Tutzing:Zauberhafte Renaissance

Tutzing: Homogen und reich an Farben: Dirigent Albert Frey mit seinem Ensemble beim Auftritt in St. Joseph.

Homogen und reich an Farben: Dirigent Albert Frey mit seinem Ensemble beim Auftritt in St. Joseph.

(Foto: Arlet Ulfers)

Konzertante Vesper mit Musik von Praetorius, Cavalli und Gabrieli in der Tutzinger Pfarrkirche

Von Reinhard Palmer, Tutzing

Alte Musik in historischer Aufführungspraxis tut sich im Fünfseenland etwas schwer. Anders ist es nicht zu erklären, warum in der Tutzinger Pfarrkirche St. Joseph so viele Bänke leer blieben. Es fehlt offenbar an Willen, Vorbehalte zu überwinden und Neues zu entdecken. Denn wer einmal die Magie der Renaissance-Musik auf originalen beziehungsweise originalgetreu nachgebauten Instrumenten und mit vibratolosem Ensemble- und Solo-Gesang erlebt hat, wird sich diesen Zauber wohl kaum jemals wieder entgehen lassen. Es lag auch etwas Elektrisierendes in der Luft, schon als das Ensemble Sed Formosa die ersten Töne in den Kirchenhall schickte.

Vielleicht weckte die Programm-Angabe "Konzertante Vesper" die falschen Vorstellungen. Die liturgische Vesper, die musikalische Danksagung am Ende des Tages, war in der Renaissance formal alles andere als streng und asketisch, wie man es vermuten könnte. Zumal in diesem Programm die übliche freie Zusammenstellung einer Vesper hier nach Allessandro Grandi vorgenommen wurde. Dass der Sizilianer in Venedig unter dem ihm so einiges neidenden Monteverdi Vizekapellmeister war, sagt schon viel über den sinnenfreudigen Reichtum und die Qualität dieser Musik aus. Kombiniert mit Werken von Michael Praetorius, Francesco Cavalli und Giovanni Gabrieli erklang in Tutzing denn auch eine Musik von komplexer Polyphonie in einer Vielzahl von Kombinationen der Stimmen wie in der Zusammensetzung des Instrumentariums. Wie farbenreich die Musik war, vermittelt bereits die Besetzung des Consorts, in dem zwei Barockgeigen, Chitarrone (italienische Theorbe), Orgelpositiv und zwei Gamben eine Bläsergruppe von sechs Barockposaunen, zwei Zinken und einem Dulzian gegenüber stand.

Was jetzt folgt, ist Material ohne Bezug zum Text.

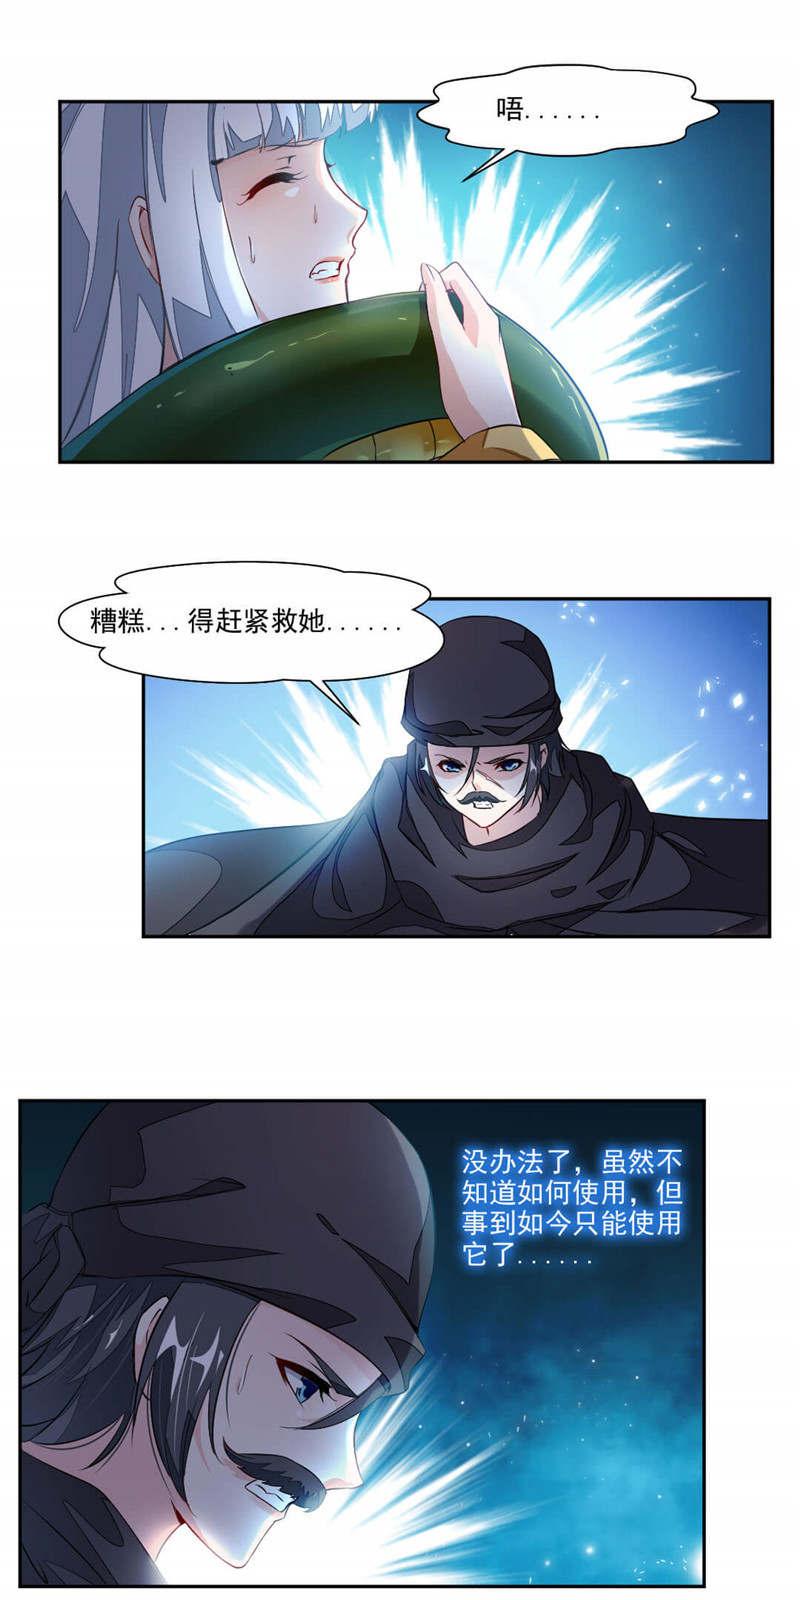 九阳神王第22话  为救崔慧受伤 第 6

Albert Frey am Pult behielt nicht nur eine sichere Hand bei den vielen Wechseln der für moderne Ohren ungewohnt gebrochenen Rhythmen, sondern vermocht auch den recht großen Apparat straff und in kammermusikalischer Präzision zu führen. Aber nicht nur das: Als Altus von glasklarem Timbre setzte Frey mit dem marianischen Antiphon "Salve Regina" von Alessandro Grandi dem Programm ein Glanzlicht von melancholischer und wohlgeformter Schönheit auf.

Während die historischen Instrumente von Haus aus nicht gar so sauber intonieren - wenn sie auch von der Klangqualität und -charakteristik unvergleichlich ansprechender als moderne Instrumente sind -, zeigte sich das vokale Oktett von absoluter Intonationssicherheit, ob als Chor, solistisch oder in vielfältigen Ensemblekonstellationen. Hier war ein selten homogener Klangkörper zu hören, der trotz komplexer Stimmverflechtungen und bisweilen virtuos mäandernder Linienverläufe stets eine geradezu perfekte Ensemblebalance zu wahren vermochte. Sowohl in begleiteten Passagen als auch a cappella. Besonders beeindruckte das Vokalensemble in der nachdrücklichen textlichen Ausdeutung, die mit prägnanter Differenzierung geradezu als klangmalerisch bezeichnet werden kann.

Das Instrumentalensemble brillierte indes vor allem in drei rein instrumentalen Einschüben: von Cavalli eine Sonata, von Gabrieli eine Sonata und eine Canzona. Besonders reizvoll dabei die Bildung von zwei farblich unterschiedenen Gruppen, die mit dichtem Dialogisieren und bisweilen räumlich wirkenden Echoeffekten fesselnde Entwicklungen nachzeichneten. Der lang anhaltende, begeisterte Applaus bestätigte die ungemein ansprechende Wirkung der Darbietung.